Epilogue
As I finished the writing of this book, I left my desk and boarded
the bus 19, heading toward Paris Square. By chance, I found the same driver behind
the wheel who had badgered me throughout the years of the vigil. He smiled at
me. Nothing more, no acknowledgment, certainly no apologies. Just a superficial smile of I’m okay, you’re okay. Stam
yom shel hol, as we say in Hebrew: just a regular sort of day.
And it was regular. One
of those dreary, drizzly Jerusalem days, not unlike the hundreds that I had spent on the vigil during the winter months. By chance, I had to get off the bus near Paris Square, this time for a memorial service
for Father Bruno, founder of the Neve Shalom village in Israel, the only community in Israel where Arabs and Jews live in
as close to an egalitarian spirit as you find in this part of the world. Father
Bruno had devoted his long life to peace.
I got off the bus and walked toward the plaza keeping my eyes on
it, as if I expected a solid ring of women dressed in black to materialize before my eyes.
I remember how we would look when approached from a distance – serious, intense, powerful, the conscience of
the people. There was no one there today.
Just the rain drizzling down into puddles on the pavement.
Instead of heading directly to the prayer service, I crossed the
street and entered the plaza. The municipal authorities had redone it entirely,
no doubt in an attempt to prevent its future use for new political demonstrations. The
stone wall that had once encircled it was torn down, replaced by a taller wall, harder to mount and with wide gaps in it. The garden that the women had so carefully avoided trampling was now protected by
iron fencing, and short stubby plants now grew where irises and pansies had once fluttered.
Most significantly, the focus of the plaza had now shifted inward. Tiers
of concrete steps coaxed visitors to sit within the plaza, talking to each other, rather than stand upon it, addressing the
world at large.
For almost a decade of Israeli political history, Women in Black
continue to make its silent statement from this location. At first, the only
people who heard us were the crazies who responded with a loony dialogue of sex and threats, then we talked to the pedestrians
and passersby, and finally we talked to the world at large, who moved along our message to the politicians. Some women say that the most important part of the talking was to our children, to our students, to our
friends, even to ourselves. Yes, that was a very important part of what the vigil
was all about – educating ourselves and those close to us about the yearning in our heart for peace. But that’s typical female self-effacement, I soon remember.
We did more than just kick up a fuss among ourselves. We were also inspiring
to the world at large, part of a noble line of peace leaders, a dynasty that leads from Ghandi through Martin Luther King
through the Mothers of the Plaza de Mayo. And that continues through the Women
in Black of former Yugoslavia and India and the Philippines and China.
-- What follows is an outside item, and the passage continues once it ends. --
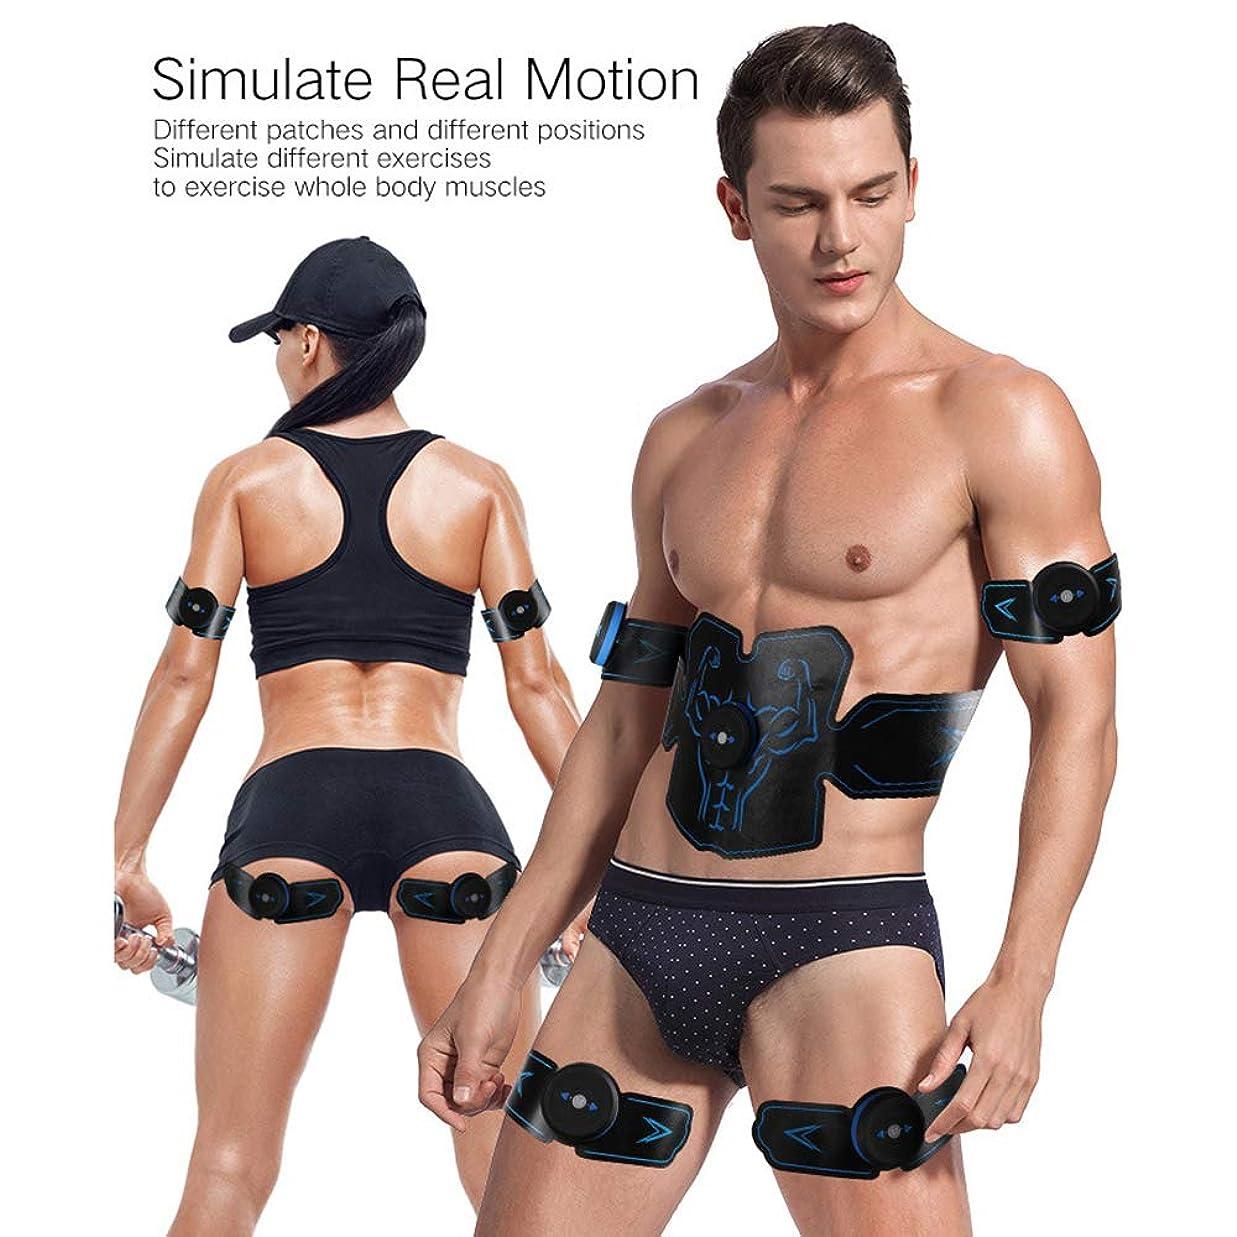 電気的マトンきちんとしたフィットネスベルト腹筋ペーストEMS筋肉刺激装置ABS安全筋肉トレーナー体重減少マッサージ機器スポーツフィットネス機器ユニセックス

Women in Black were an important part of the protest movement that
is engaged in a long process of bringing peace to the Middle East. We came too
late for the many Israelis and Palestinians who are buried in this earth and whose families will never cease to mourn them. And for the many who bear the terrible scars of the wars, the riots, and the terrorism. But we have come just in time for those who are alive today, and just in time for
the generations who come after us. And even if we have some setbacks on the way
to a perfect peace, and even if the imperfect peace that is still being fashioned brings disappointment and discouragement,
we know that there is always a way back from the path of conflict. Women in Black
is not the only way. But, for many of us who did it, and many of us who watched
from a distance, this is a memory that continues to inspire.